More details on negative prices
The impact on support schemes and the distinction between small and large negative prices
In a previous post, I discussed the reasons behind negative prices, offering a fairly comprehensive list, though likely not exhaustive. One important element I overlooked is the distinction between small and large negative prices, which I believe plays a crucial role. In this brief post, I aim to address this gap by providing further analysis, focusing on the impact of support schemes for solar energy.
Why negative prices are important
Negative electricity prices have been a hot topic, as seen in recent articles from renowned journals1. This attention is understandable, given how counterintuitive it seems that something as essential as electricity could be free—or even more puzzling, that consumers could be paid to use it. However, what may seem strange to a newcomer is quite logical for those familiar with commodity markets: since electricity is difficult (and costly) to store, oversupply can lead to a price collapse, even pushing prices into negative territory.
The graph below shows the amount of renewable energy produced during periods of negative pricing. In 2020, there was a relatively high share of generation at negative prices, which is not surprising given the significant price drops during the COVID-19 pandemic. In contrast, this share was almost nonexistent in 2022, the peak of the energy crisis. In 2024, however, we see a sharp increase in this share of solar energy, highlighting its unique dynamics.
As of 2024, over 20% of solar MWh was generated during hours with negative prices. This figure refers solely to the energy actually produced, excluding any potential output lost due to technical or economic curtailment2. The high percentage underscores that solar is already 'saturating' the market to some extent.

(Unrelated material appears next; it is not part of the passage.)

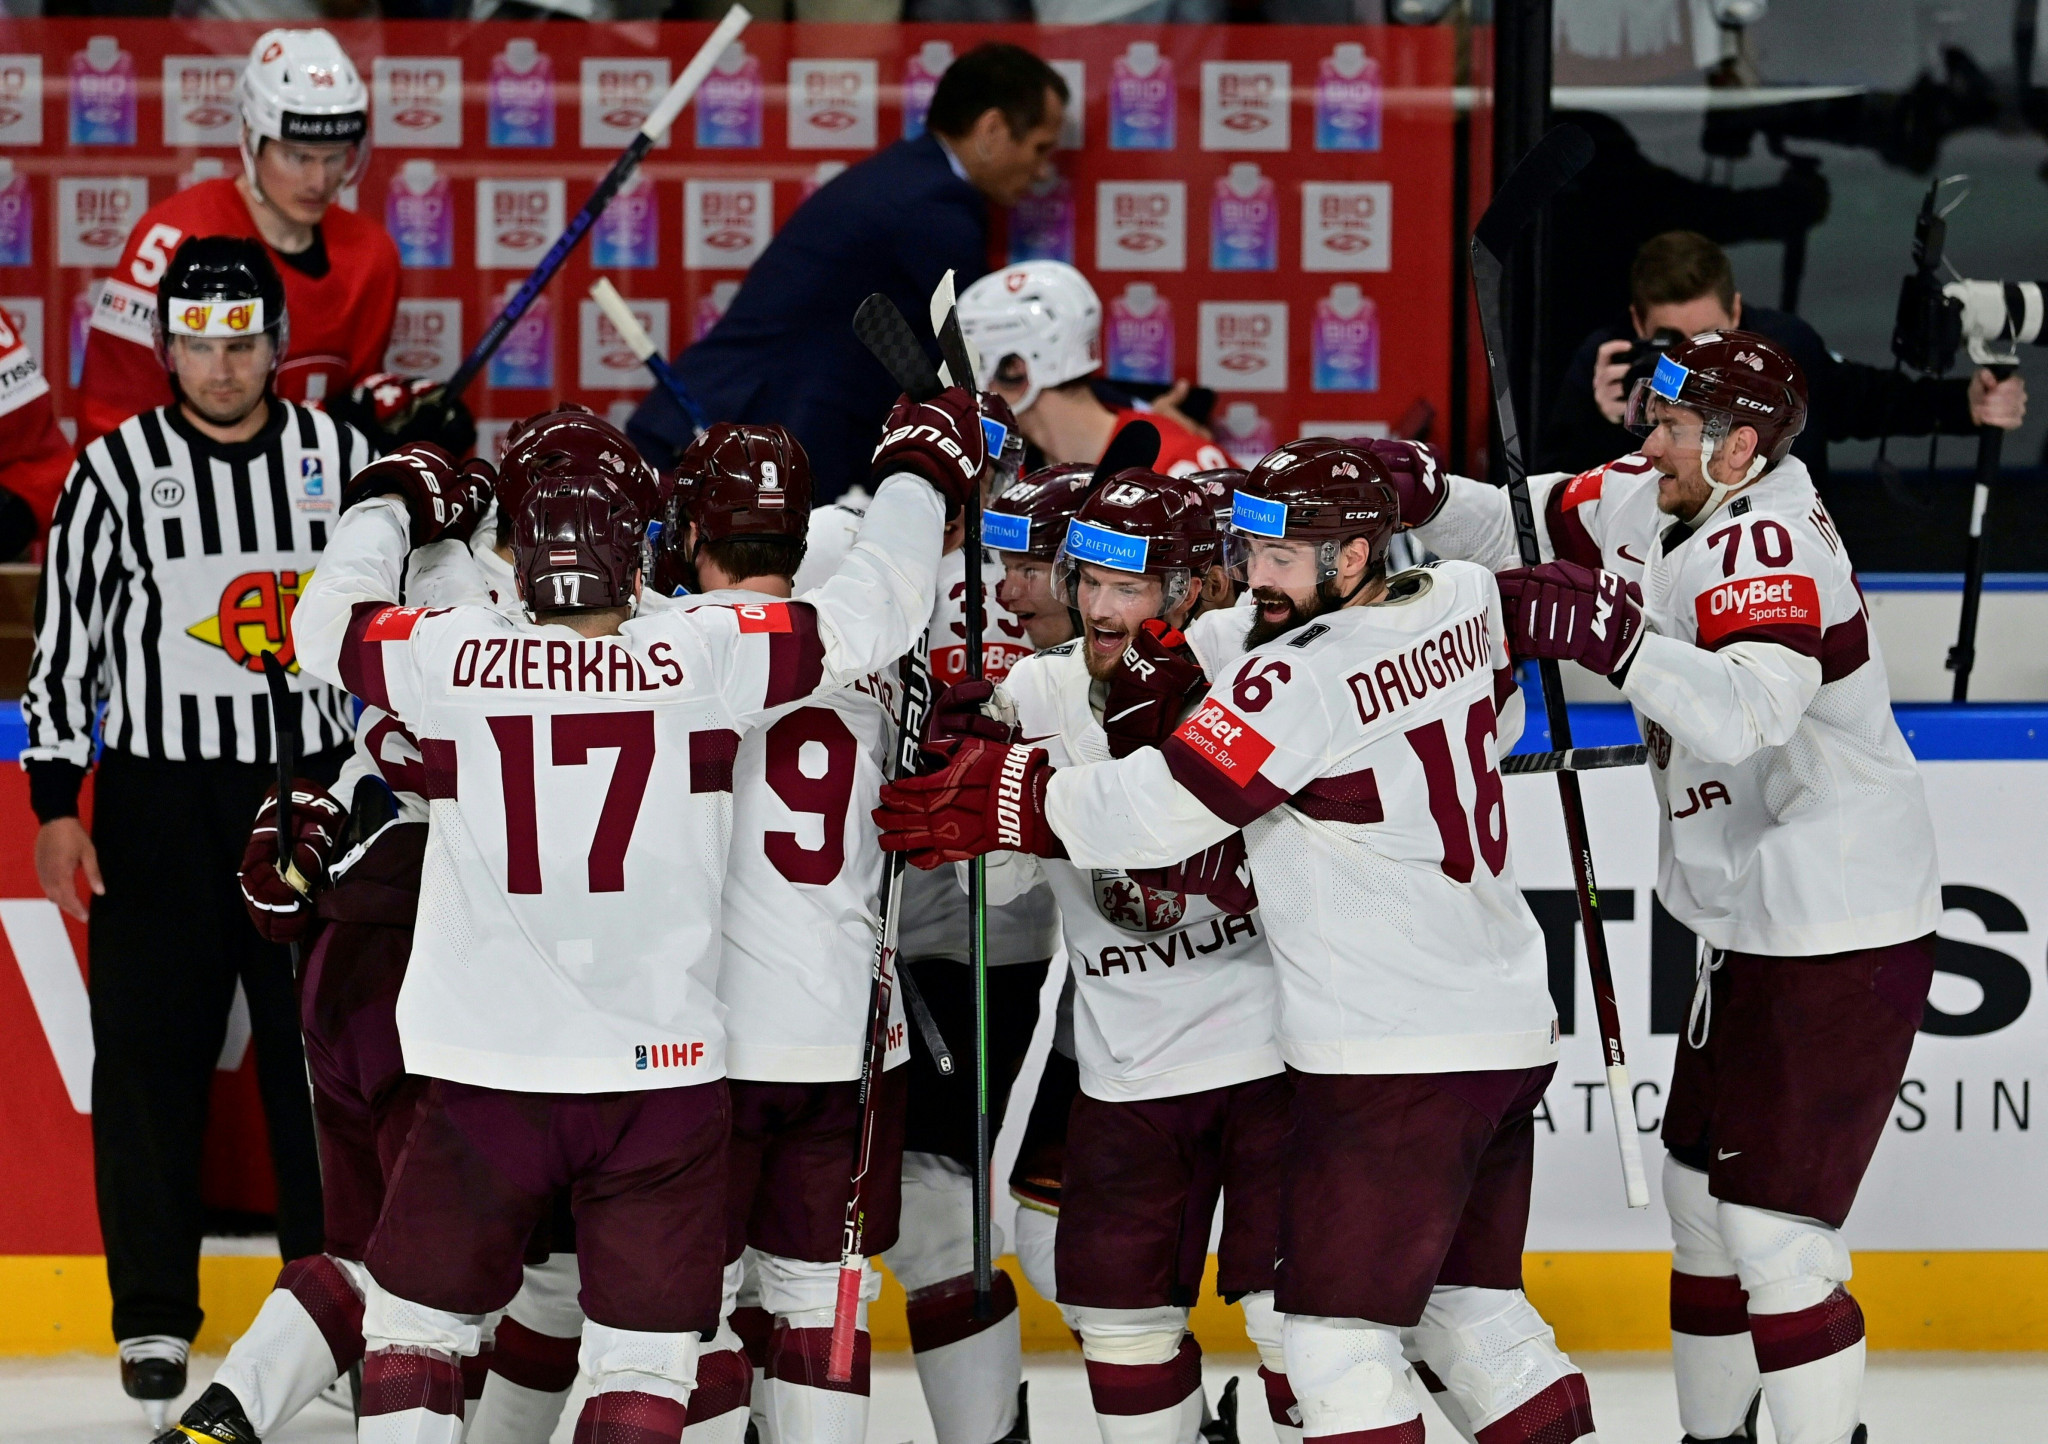 Latvia defeated previously unbeaten Switzerland to reach the last eight of the Ice Hockey World Championship before their home fans in Riga ©Getty Images

This trend has significant implications, particularly for projects supported by government schemes, such as Contracts-for-Differences (CfDs). Many such contracts now include clauses that suspend payments during periods of negative prices. For instance, under Germany’s EEG law, payments will be halted for all hours with negative prices from 20273. In practical terms, if 20% of your production receives no support, the bankable portion of your generation decreases. This would lead to higher costs per supported energy produced, meaning higher strike prices4 to compensate for the shortfall.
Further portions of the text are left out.